Beitrag von Prisma »



Dieser sechste und letzte in Schwarzweiß gedrehte Teil der Bryan-Edgar-Wallace-Reihe erwies seinerzeit als schlechtes Geschäft, sodass die Serie bis zu dem Überraschungserfolg "Das Geheimnis der schwarzen Handschuhe" vorläufig eingestellt wurde. Wer Gründe für das eindeutige Floppen sucht, wird sie vielleicht auch finden, allerdings handelt es sich bei "Das siebente Opfer" bestimmt nicht um eine misslungene Verfilmung, verfügt sie doch über zahlreiche Inhalte, die das Krimi-Herz höher schlagen lassen. Unter der Regie von Franz Josef Gottlieb ist förmlich zu bemerken, dass man die neuste BEW-Angelegenheit noch einmal mit frischem Blut versorgen wollte, was sich nicht nur beim Cast bemerkbar macht. Leider verfügt der Film über eine ungünstige Vorhersehbarkeit die den Whodunit killt, was sich wie ein roter Faden durch das Geschehen zieht.
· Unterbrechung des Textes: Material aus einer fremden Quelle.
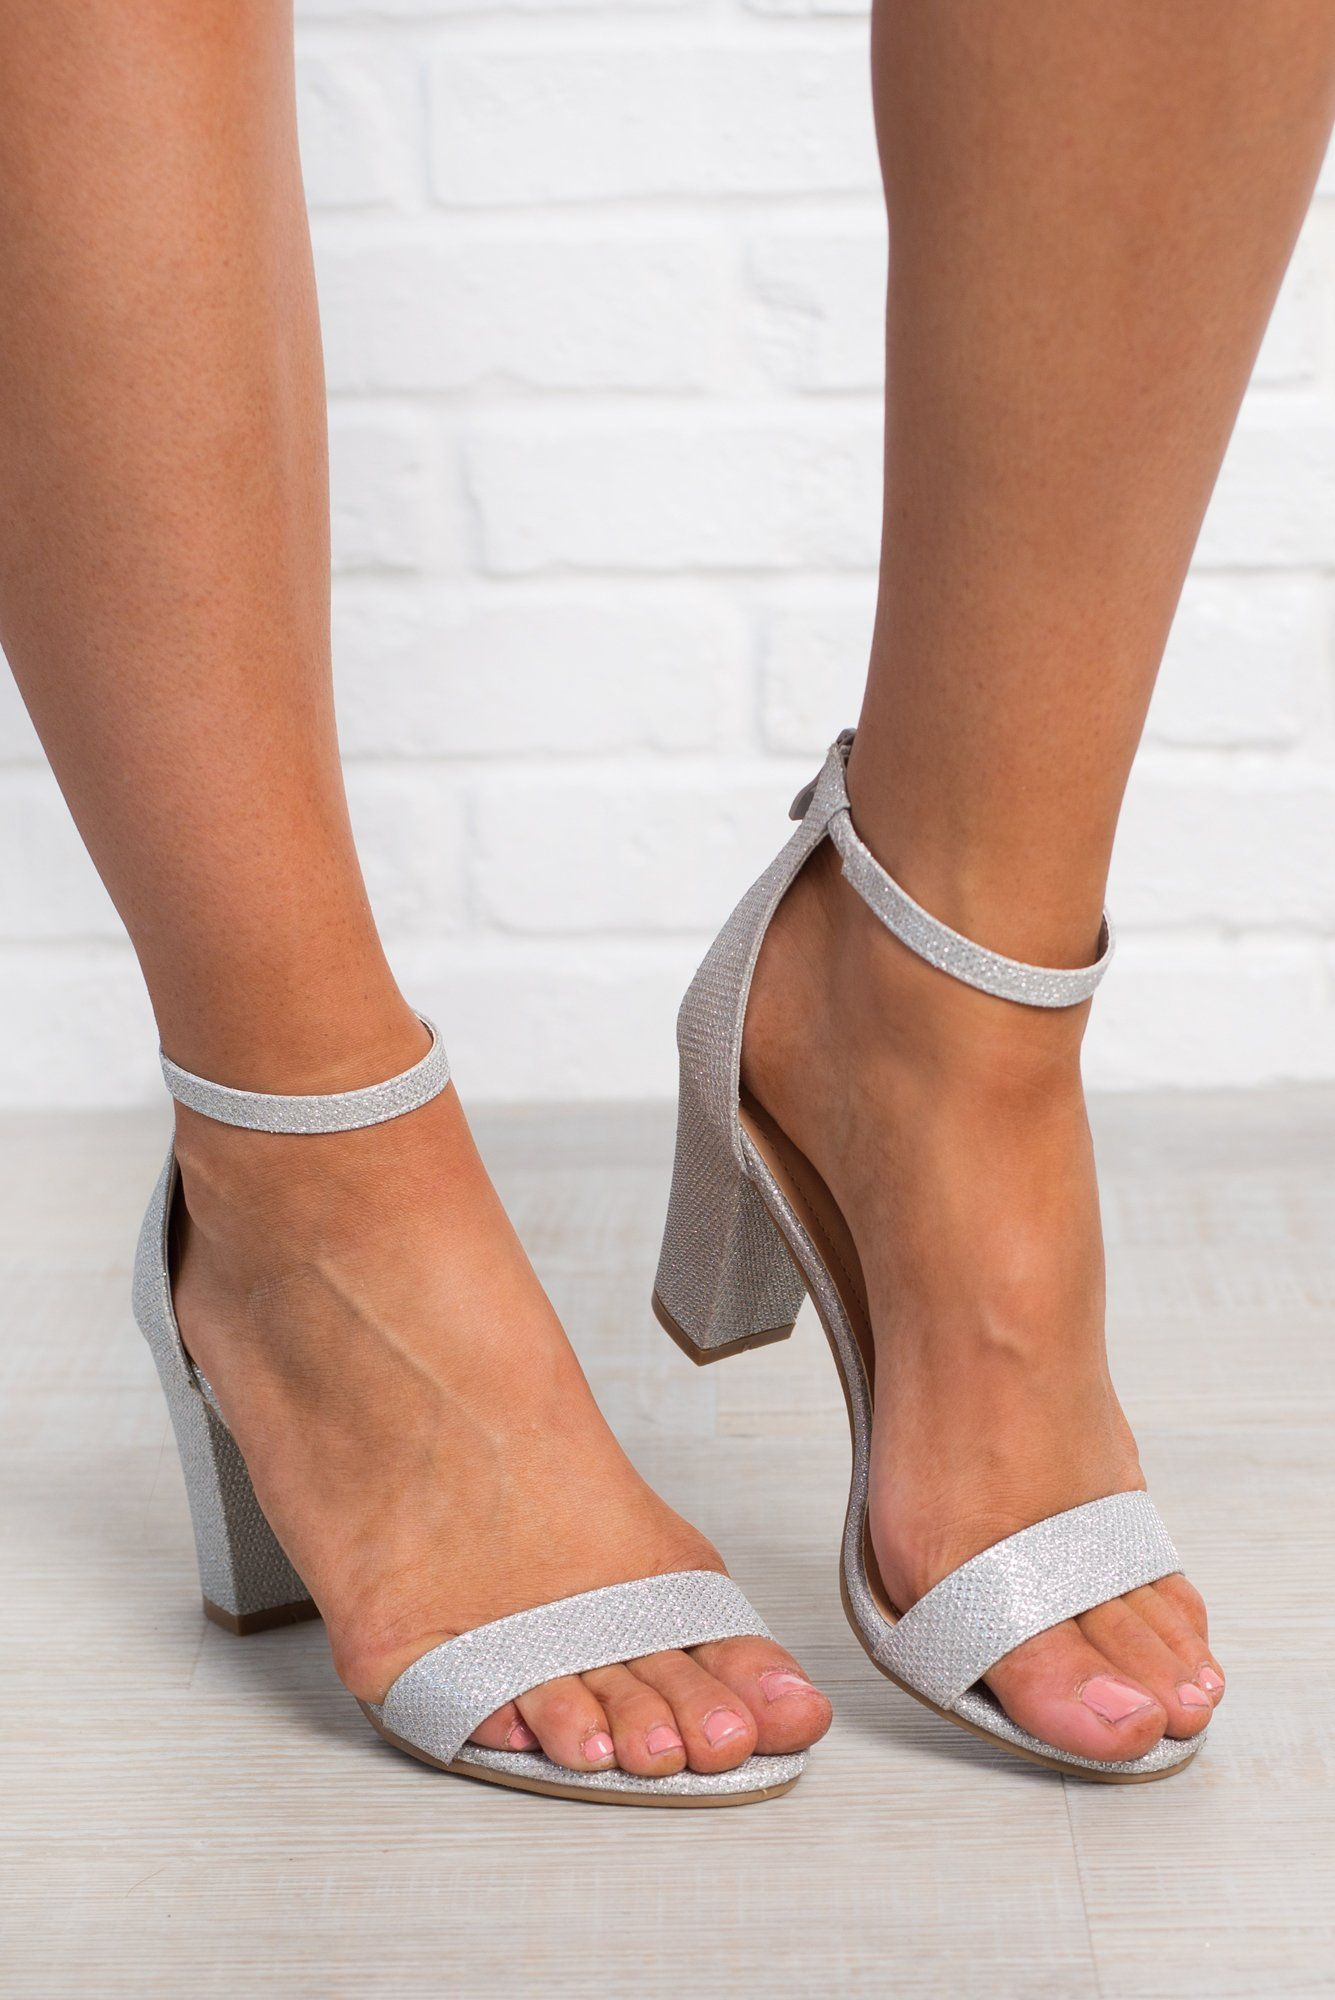 cbc6de800ea Harper Heels (Silver) - NanaMacs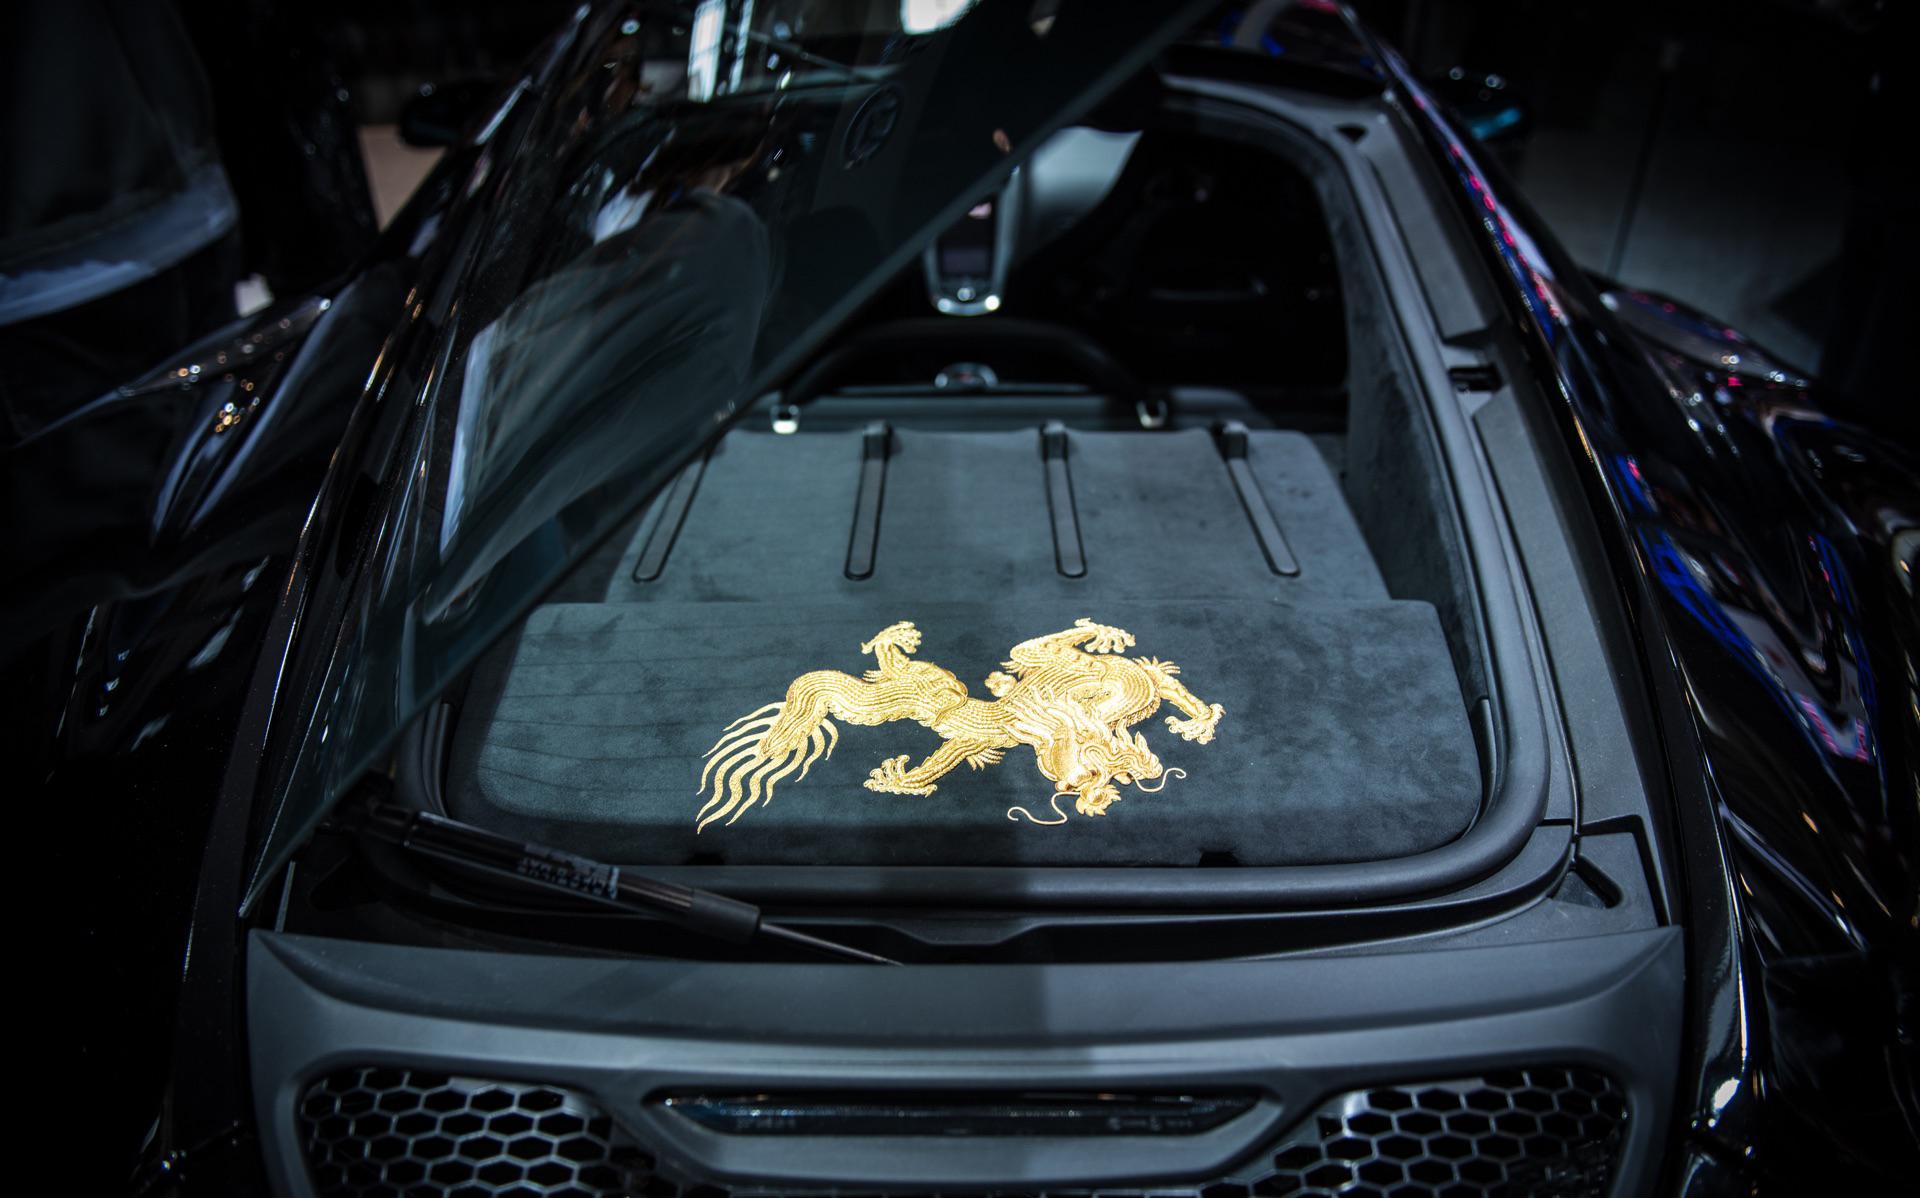 В то время как другие производители строят индивидуальные автомобили для китайского рынка, McLaren придерживается своего идеала создания суперкаров, ориентированных на производительность, и предназначенных для острых ощущений.

So muss man die persönlichen Spannungsmomente an anderen Stellen suchen. Gottlieb inszeniert dynamisch, die Produktion überrascht mit einer besonderen Bildgestaltung, die Musik wirkt stimmig, und hin und wieder wird es dem Empfinden nach sogar etwas brutaler zugehen als sonst, um am Ende eine nicht ganz neue Geschichte zu präsentieren, dies aber in überaus routinierter Art und Weise. Die Liste der Darsteller ist absolut überwältigend und listet sogar ein paar Namen, die man sonst eher selten in einem Krimi dieser Zeit gesehen hatte. Im Besonderen bleiben beispielsweise Hanns Lothar, Peter Vogel, Ann Savo, Trude Herr, Heinz Engelmann oder Alice Treff in Erinnerung. Am Ende ist "Das siebente Opfer" stets gerne gesehen, verfügt er doch über genügend reizvolle Momente, Inhalte und Personen, die am Ende mehr als überzeugen können.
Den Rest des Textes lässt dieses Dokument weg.